ABC News: Atlantic City Casino Shutdown Needed, Analysts Say
The number of casinos in Atlantic City could go down from 12 to 9 by Labor Day, as analysts say the resort has too many gambling venues.
“We know that the oversupply of gaming product is a regional issue, as we’re seeing the effects of the pressure all around Atlantic City,” says Israel Posner, executive director of the Lloyd D. Levenson Institute of Gaming, Hospitality and Tourism at Stockton College.
Atlantic City is going through a rough patch and Mayor Don Guardian believes a makeover will be difficult, but necessary. Officials say the time has come for the city transform itself and become a multi-faceted destination, where casino games are just one of the many entertainment options available.
“Although it is sad today, it’s part of the transition that Atlantic City needs to have,” the mayor told reporters. “There is pain as we go through this transition, but it’s critical for Atlantic City to realize we are no longer the monopoly of gaming on the East Coast. If you build more and more casinos and don’t increase the amount of people coming to them, you’re sharing that wealth. We’re just going through a very difficult time.”
Boston Globe: Atlantic City sees our folly of casinos
The US Supreme Court struck down New Jersey’s attempt to legalize sports betting and Atlantic City casinos are going out of business, despite Governor Chris Christie pumping $260 million of his constituents’ money into one of the local casinos.
While Connecticut’s Mohegan Sun and Foxwoods are considered interlopers who steal customers from the New Jersey resort, the story published in the Boston Globe says all players are “suckers, willing to part with their money for the house, because the house always wins.”
Locals worry about Massachusetts casinos stealing even more business. The market is already oversaturated, they say, and Atlantic City is already competing with Vegas, Connecticut and Philadelphia.
The Guardian: Atlantic City shutters casinos as north-east US builds gambling market
It’s becoming more and more obvious that there are too many casinos in Atlantic City. Competition has caused the Atlantic Club to close its doors, Revel says it will do the same unless owners find a new buyer and Caesars Entertainment is giving up on the Showboat.
During his five years in office, Mayor Don Guardian saw a quarter of the city’s casinos close. He believes this is a sign that Atlantic City needs a makeover, from a popular gambling resort to a multi-faceted destination instead.
Over the past seven years, casino revenue in the city has plunged from $5.2 billion to almost half that amount, reaching just $2.86 billion in 2013. Meanwhile, Pennsylvania surpassed Atlantic City as the country’s second largest casino market after Nevada. And with New Jersey’s new laws allowing locals to play casino games and online poker tournaments, profits soared even more.
All this sounds like bad news, but Fitch Ratings has a different opinion, claiming that “the closure makes financial sense for Caesars and is a positive for the oversupplied Atlantic City market.” According to the expert, Caesars will regain lost customers at its other resorts in the area.
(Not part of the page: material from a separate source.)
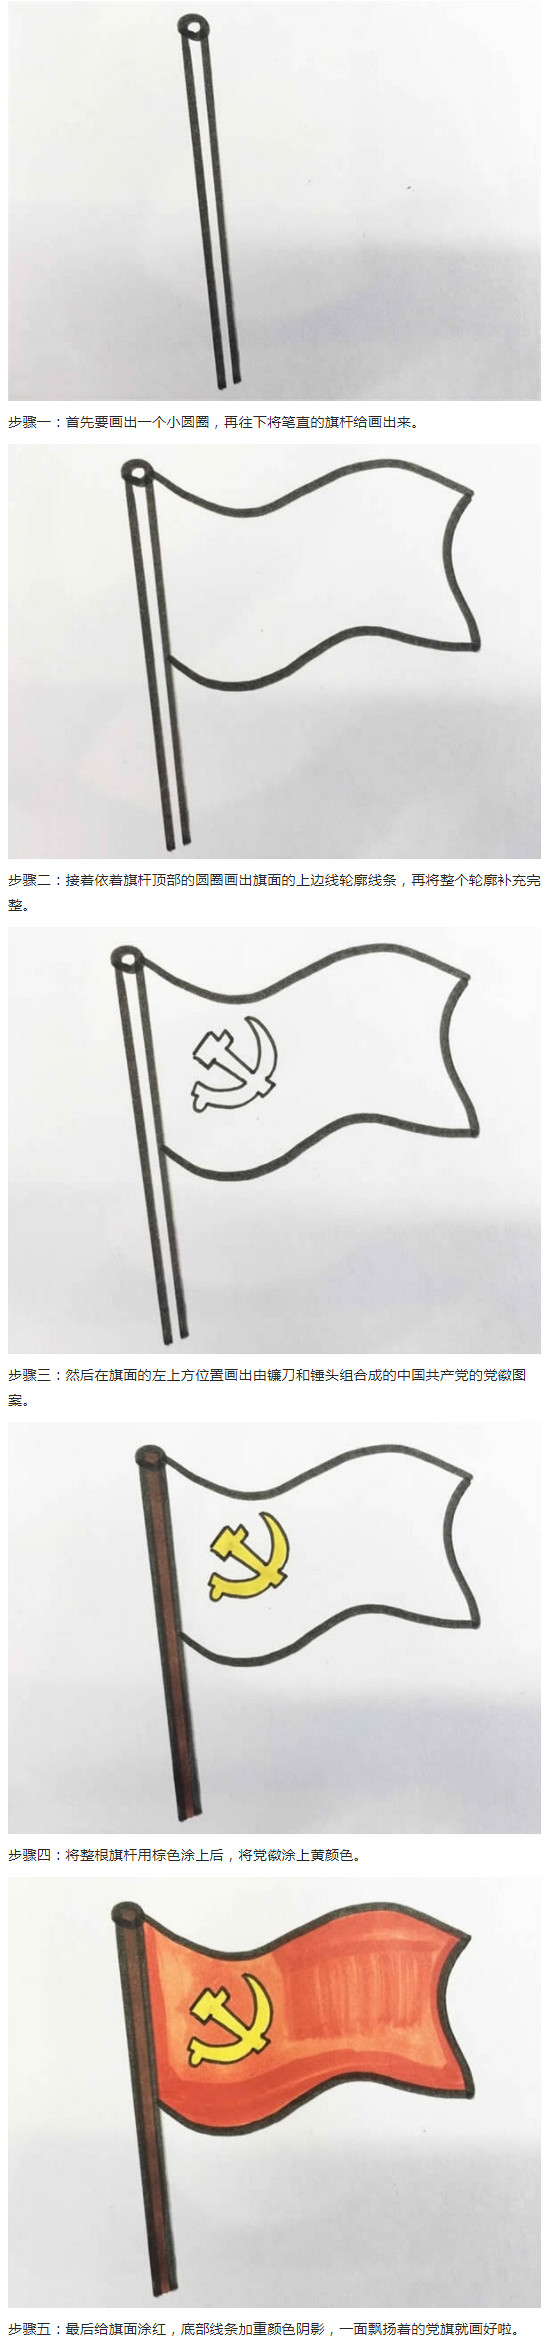 党旗的画法步骤图解 党旗怎么画涂颜色

CityLab: Atlantic City Is Becoming the Detroit of Casino Culture
At the beginning of the year, when the media argued that Atlantic City could be going the way of Detroit – which suffered a big shock after being forced to shut down gambling venues – State Senate President Stephen Sweeney and Chris Christie both promised they would not let the city “become Detroit”. Now, the resort is facing a wave of casino closings.
Former casino workers are furious over losing their jobs and Bob McDevitt, president of Local 54 of the Unite-HERE union, told reporters that Caesars’ decision to shut down the Showboat was “a criminal act”, as the venue was still making profit.
To help former employees find new positions within the company, Caesars promised to give them preference for existing roles at the company’s other three Atlantic City venues.